▸ **WHAT YOU NEED TO DO**: From the entries below, retype only the lines from the one with "White, Champagne and" through the one with "Comprar o Need for Speed™ Payback", exactly as written.

▸ **RECORDS SHOWN**:
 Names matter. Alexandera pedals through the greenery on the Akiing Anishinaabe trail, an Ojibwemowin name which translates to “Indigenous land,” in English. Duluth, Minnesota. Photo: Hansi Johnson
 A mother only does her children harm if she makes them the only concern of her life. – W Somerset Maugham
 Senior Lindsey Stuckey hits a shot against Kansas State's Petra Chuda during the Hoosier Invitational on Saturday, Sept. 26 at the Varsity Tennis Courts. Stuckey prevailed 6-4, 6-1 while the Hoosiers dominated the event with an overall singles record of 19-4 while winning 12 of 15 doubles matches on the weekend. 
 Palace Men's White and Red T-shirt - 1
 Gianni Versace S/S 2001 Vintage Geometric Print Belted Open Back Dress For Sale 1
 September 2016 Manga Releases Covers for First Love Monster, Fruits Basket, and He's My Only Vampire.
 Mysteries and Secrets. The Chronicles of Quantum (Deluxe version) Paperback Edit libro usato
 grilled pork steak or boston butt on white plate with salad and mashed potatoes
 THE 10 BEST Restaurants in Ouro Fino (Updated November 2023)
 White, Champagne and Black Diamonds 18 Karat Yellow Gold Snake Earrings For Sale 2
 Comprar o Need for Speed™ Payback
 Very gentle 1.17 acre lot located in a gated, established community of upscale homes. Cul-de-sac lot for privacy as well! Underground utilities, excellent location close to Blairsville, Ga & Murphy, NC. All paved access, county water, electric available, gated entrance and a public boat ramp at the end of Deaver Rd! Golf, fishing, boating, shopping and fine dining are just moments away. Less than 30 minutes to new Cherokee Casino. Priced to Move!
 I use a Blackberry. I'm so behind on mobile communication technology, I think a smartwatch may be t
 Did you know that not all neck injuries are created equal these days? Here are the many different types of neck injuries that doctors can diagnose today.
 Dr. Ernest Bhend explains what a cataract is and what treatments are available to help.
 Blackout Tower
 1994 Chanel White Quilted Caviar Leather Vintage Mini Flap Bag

▸ **TASK OUTPUT**:
 White, Champagne and Black Diamonds 18 Karat Yellow Gold Snake Earrings For Sale 2
 Comprar o Need for Speed™ Payback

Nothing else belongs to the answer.